Как ни странно, это предисловие-скороговорка и есть то самое незыблемое, что остается во всех построениях Белого. Даже когда он начинает по видимости этому противоречить, внутренне — в этом религиозном отношении к слову — его основа и как художника, и как мыслителя. Для него искусство если и является целью, то далеко не последней целью, само оно должно вести к преображению жизни, к теургии. Религия завершает искусство и дает ему смысл. Без этого мир будет пребывать в хаосе. Человек входит в этот мировой хаос и своим творчеством вносит в него смыслы, создает ценности, творит жизнь. Через творчество Логос организует мировой Хаос.

Белый со скепсисом относится к «научному познанию», в его представлении наука занимается систематизацией человеческого незнания. Подлинное знание — это всегда творчество, преображение действительности, оно неотрывно от смысла жизни. Отсюда и задача художника: он творит ценности, исходя из внутреннего опыта, и чем глубже, чем сильнее его переживание, выраженное в тех или иных символах, тем значительнее ценность этого переживания, которое может стать коллективным и даже универсальным (таковым является, например, христианство). Начало всему дает (что особенно важно для художника) жизнетворчество: человек, а писатель тем более, должен создавать самого себя, и значит — «он должен стать своей собственной художественной формой».

По сути все теоретические изыскания Белого, если внимательно вглядываться в каждую веху его жизни, носят скрыто-биографический характер. Он сам стремился к теургии, к внесению смысла во внесмысловое хаотическое начало жизни (хотя почти всегда хаос его одолевал).

К. В. Мочульский в своей книге о Белом не случайно каждую статью Белого объясняет не только непосредственно из его умственной жизни, из его попыток разрешить тот или иной вопрос, но и чисто биографически. На мировоззрение Белого оказывала серьезнейшее влияние не только каждая прочитанная книга, но и каждый, даже незначительный, поворот его жизни. Любая житейская мелочь вырастала в его глазах, благодаря чересчур энергичному воображению, в символ. Так, например, флегмона, которую пришлось оперировать в 1907 г. в Париже, помноженная на раздражение против Блока (последствие горькой и неудачной любви к жене поэта) не могла не выплеснуться в двухлетнюю войну против символистов-петербуржцев (статьи Белого против «мистического анархизма»).

Эта внутрисимволистская полемика лишь внешне кажется идеологическим спором.
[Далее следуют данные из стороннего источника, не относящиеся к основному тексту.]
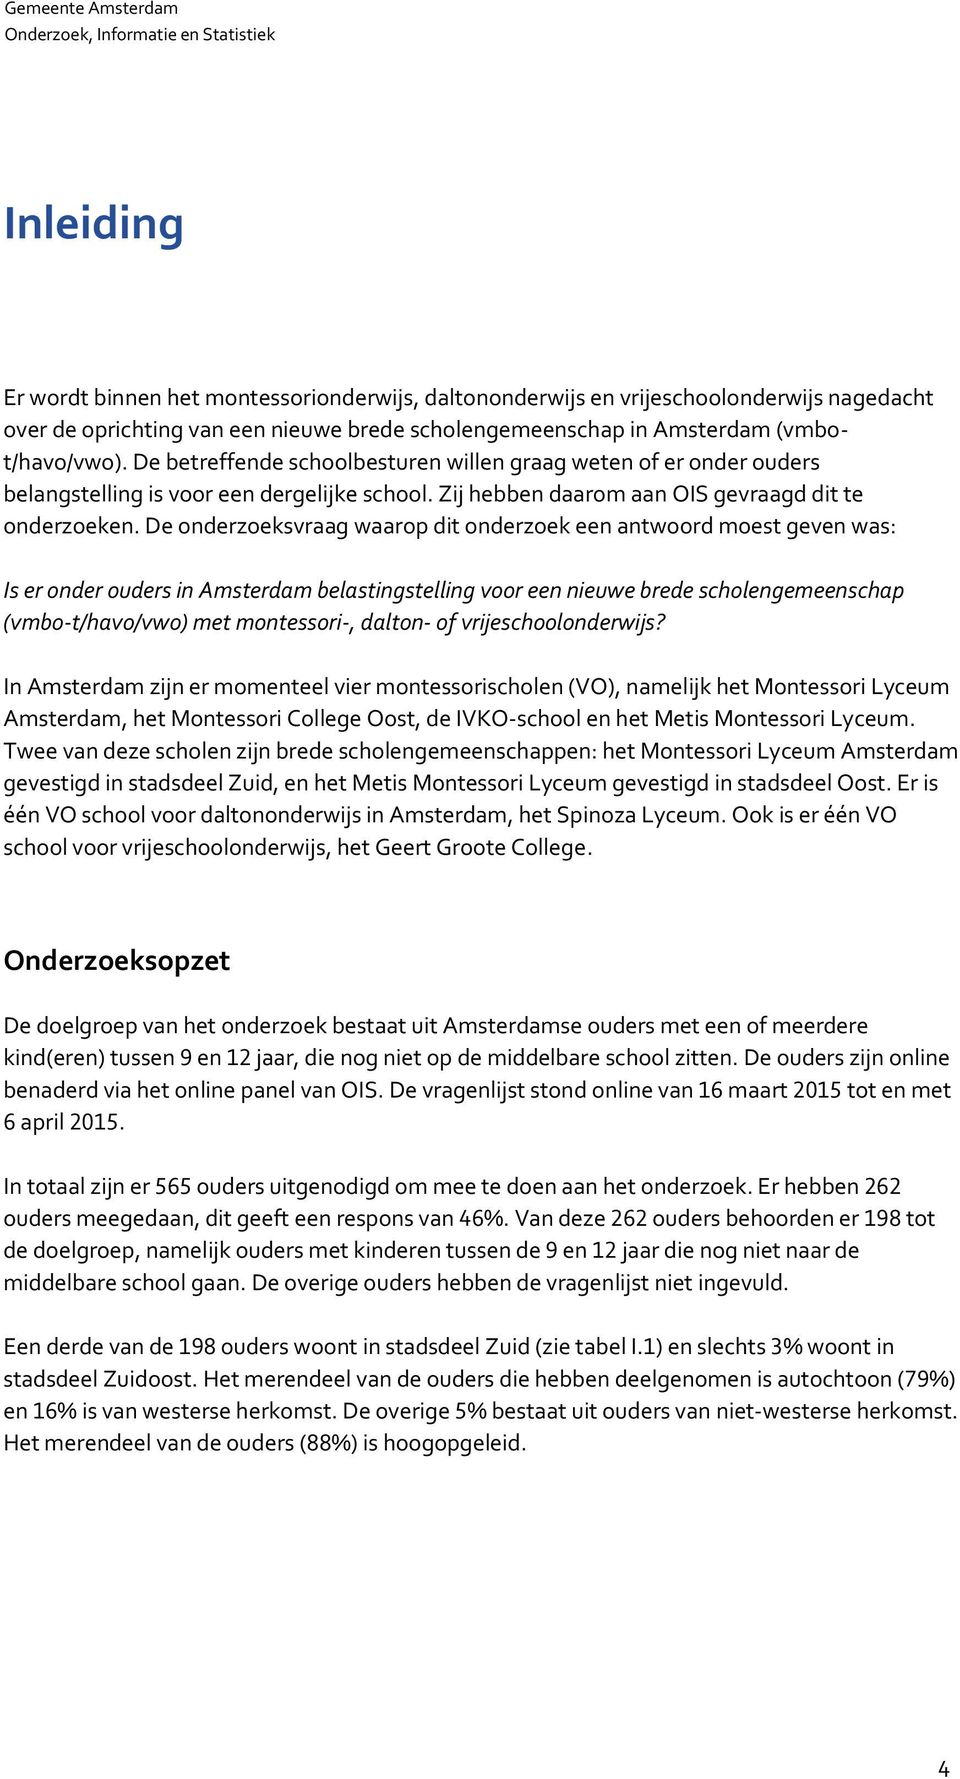 De onderzoeksvraag waarop dit onderzoek een antwoord moest geven was: Is er onder ouders in Amsterdam belastingstelling voor een nieuwe brede scholengemeenschap (vmbo-t/havo/vwo) met montessori-,

В ней поражает не только то, что Белый выступает на стороне идеологически ему чуждого Брюсова против Иванова и Блока, которые в своих взглядах на символизм стоят близко к его собственным воззрениям. Самое поразительное в этой истории — внутреннее одиночество Белого. Все «злые козни» литературных противников целиком находятся в мире его воображения. В своем полемическом задоре Белый никем не понят, но и сам не может понять действительного положения дел, находясь в замкнутом мире тех фантомов, которые создавало его разгоряченное сознание. Отсюда вся странность его выпадов, ему ненавистна теория Чулкова, она воспринимается как карикатура на собственные мысли, но и сам он берет недопустимый тон полемики (дело чуть не дошло до дуэли с Блоком).

Этот полемический «опыт» Белого четче выявляет тот факт, что символизм как течение погубило не различие в теоретических вопросах, но прежде всего несовпадение судеб его представителей. Они были слишком разные люди, одно и то же мистическое содержание переживали различно. Потому столь различными путями шло их жизнетворчество: по «кругу» у Вяч. Иванова, по хаотической ломаной линии (непрерывное впитывание и перерабатывание чужого опыта и чужих идей) у Белого и через мистическое «схождение в народ» у Блока.

В своем творчестве жизни каждый из них был слишком сам по себе, одному трудно было согласиться со всеми. Они не могли объединиться на теории, а общее ослепительно яркое ощущение, пережитое в самом начале XX в. с его «мистическими зорями», не могло удерживать их долго в одном мистическом братстве. Новой религии не получилось, а значит, и теории в полном смысле этого слова уже не могло быть.

Сам Белый так и не смог ясно сформулировать теорию символизма в окончательном виде. И не потому только, что он был такой переменчивой натурой, но и потому, что символисту было и важнее, и естественнее чувствовать несказанное, чем пытаться выразить его в теории. И здесь мы приходим к ОПЫт ту Блока и его мировоззрения, которое весьма неполно выражено в статьях. Не до конца выражено оно и в отдельных его художествен-, ных произведениях, но зато достаточно явственно выразилось в его творческом и жизненном пути.

  1. Александр Блок              7

«геологические» события, но как часть вселенских потрясений в «мирах иных». Важно, что человеческая смерть для Блока не бывает случайной, он считал, что человек на определенной ступени духовного развития способен «отдалять и приближать смерть» (по свидетельству же многих очевидцев сам Блок умер, когда перестал слышать «музыку» революции, оттого, что хотел умереть).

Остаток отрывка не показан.